除了注意力機制設計，多尺度特徵提取是現代視覺架構的另一關鍵組件。FPN 和 BiFPN 等方法已證明在密集預測任務中結合不同解析度特徵的重要性。DaViT 採用四階段層次結構，逐步降低空間解析度並增加通道維度，與 Swin 和 PVT 的設計哲學類似。然而，與這些方法不同的是，DaViT 的雙注意力機制透過通道分組注意力確保在每個階段都能捕捉全域上下文，而非依賴間接的跨視窗機制。

段落功能差異化定位——強調 DaViT 相較於其他層次化 ViT 的獨特優勢。

邏輯角色透過「每個階段都能捕捉全域上下文」的論述，回應了緒論中「犧牲長程依賴」的批評，建立 DaViT 的核心差異化。

論證技巧 / 潛在漏洞以「間接機制」委婉批評 Swin 的移位視窗策略，有效凸顯自身優勢。但通道分組注意力是否真正等同於「全域上下文」取決於分組方式和通道數量。

3. Method — 方法

The DaViT architecture follows a hierarchical design with four stages. Each stage consists of multiple Dual Attention Transformer (DAT) blocks, where each block contains two sequential attention layers: a spatial window attention layer followed by a channel group attention layer. In the spatial window attention layer, the input feature map is partitioned into non-overlapping windows of fixed size (e.g., 7x7), and standard multi-head self-attention is applied within each window. This captures local spatial relationships with linear complexity relative to the input resolution. In the channel group attention layer, the feature channels are divided into groups, and attention is computed across all spatial positions within each channel group, capturing global spatial relationships with complexity proportional to the number of channel groups.

DaViT 架構遵循四階段的層次設計。每個階段包含多個雙注意力 Transformer（DAT）區塊，每個區塊含有兩個順序的注意力層：空間視窗注意力層後接通道分組注意力層。在空間視窗注意力層中，輸入特徵圖被分割為固定大小的非重疊視窗（如 7x7），並在每個視窗內施加標準多頭自注意力。這以相對於輸入解析度的線性複雜度捕捉局部空間關係。在通道分組注意力層中，特徵通道被劃分為多組，在每個通道組內跨所有空間位置計算注意力，以與通道組數成正比的複雜度捕捉全域空間關係。

段落功能方法論展開——詳細描述 DAT 區塊的雙注意力結構。

邏輯角色將「雙注意力交替」的設計理念具體化為架構細節：空間視窗→通道分組的順序安排，以及各自的複雜度分析。

論證技巧 / 潛在漏洞透過明確的複雜度分析（線性 vs. 通道組數正比）有效回應了效率質疑。
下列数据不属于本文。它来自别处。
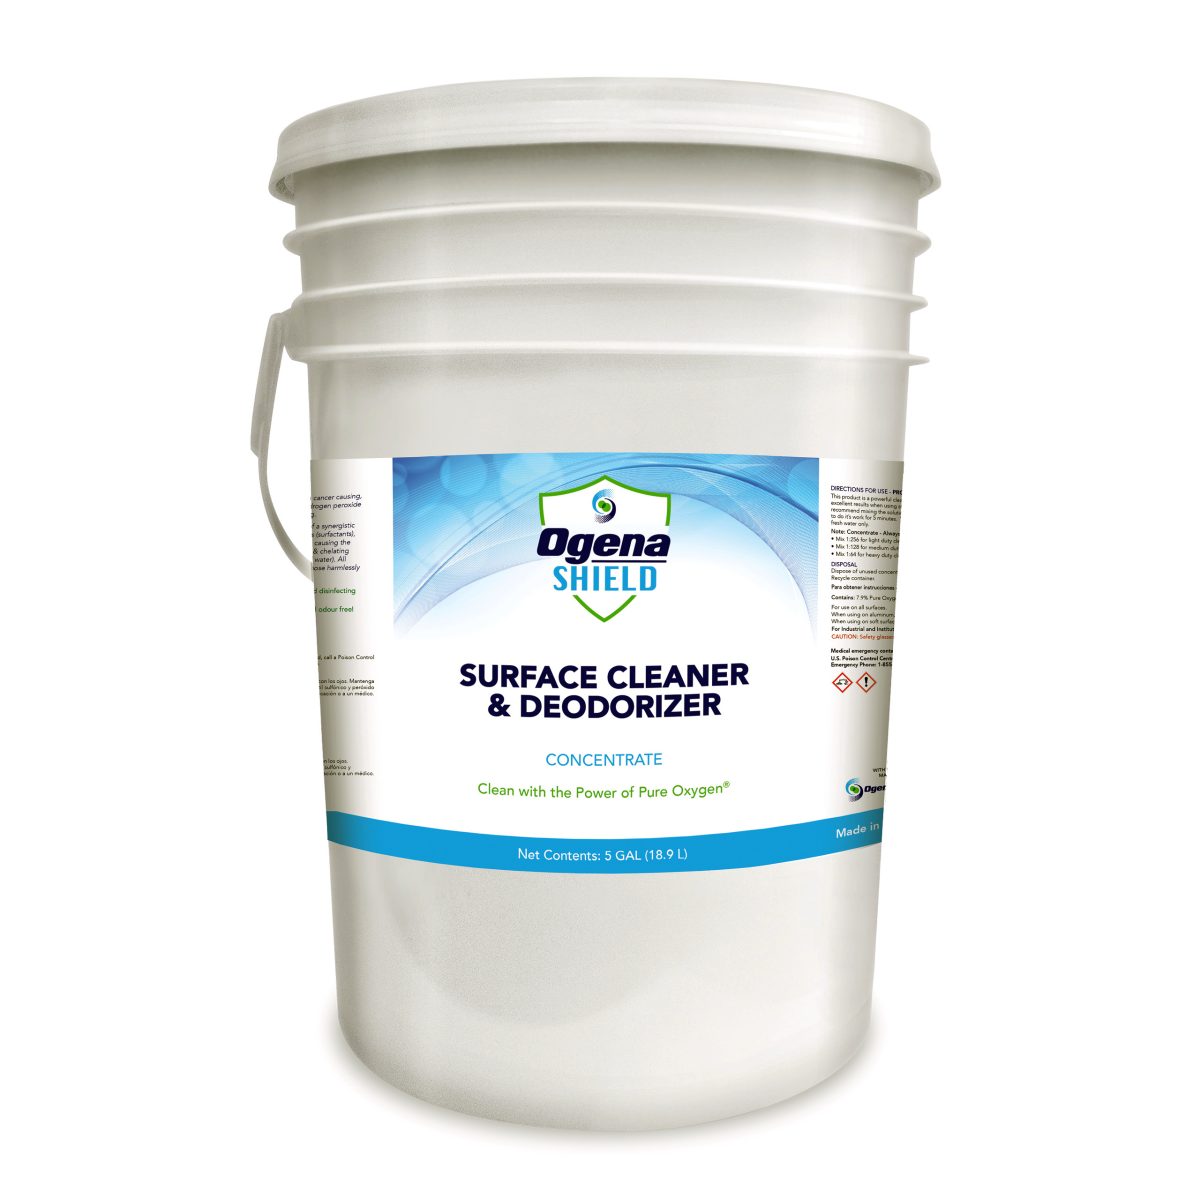 OgenaShield Surface Cleaner & Deodorizer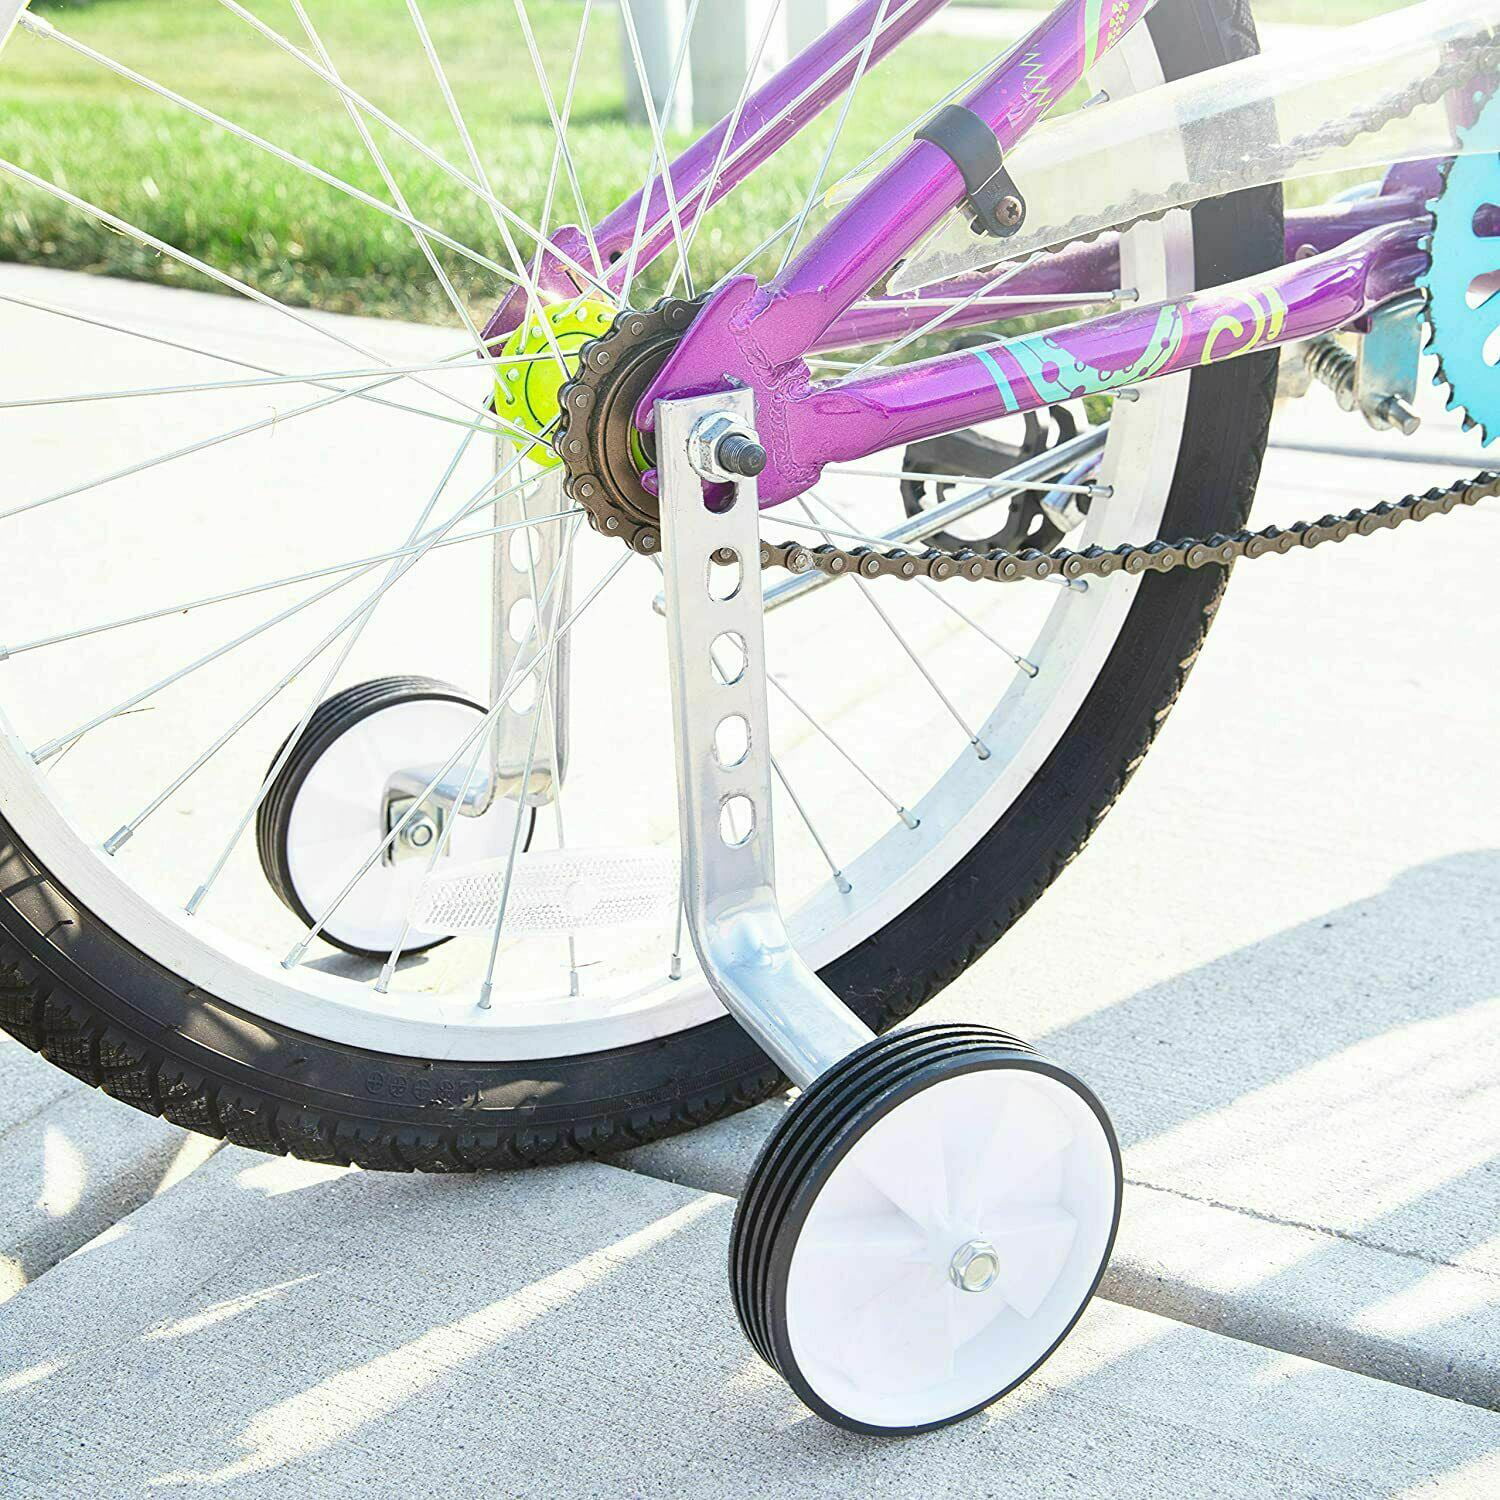 16-24'' Kids Bicycle Training Wheels Heavy Duty Rear Stabilizers & Mounted Kit

但通道分組數的選擇直接影響全域建模的精細度，此超參數的敏感度分析值得關注。

The channel group attention operates by reshaping the feature tensor from (B, H, W, C) to (B, G, N, C/G), where G is the number of groups and N = H x W is the number of spatial tokens. Attention is then computed along the spatial dimension N for each group independently, resulting in G independent attention maps that collectively cover all channels. This formulation allows each group to specialize in different semantic aspects while maintaining computational cost of O(G * N^2 * C/G) = O(N^2 * C), which is equivalent to standard global attention but with significantly smaller attention matrices. Between stages, patch merging layers reduce the spatial resolution by 2x and double the channel dimension, creating the hierarchical multi-scale structure necessary for dense prediction tasks.

通道分組注意力透過將特徵張量從 (B, H, W, C) 重塑為 (B, G, N, C/G) 來運作，其中 G 為組數，N = H x W 為空間 token 數。隨後在每個組內沿空間維度 N 獨立計算注意力，產生 G 個獨立的注意力圖，共同覆蓋所有通道。此公式使每個組能專注於不同的語意面向，同時維持O(G * N^2 * C/G) = O(N^2 * C) 的計算成本，等同於標準全域注意力但具有顯著更小的注意力矩陣。階段之間，patch 合併層將空間解析度降低 2 倍並將通道維度加倍，建立密集預測任務所需的層次多尺度結構。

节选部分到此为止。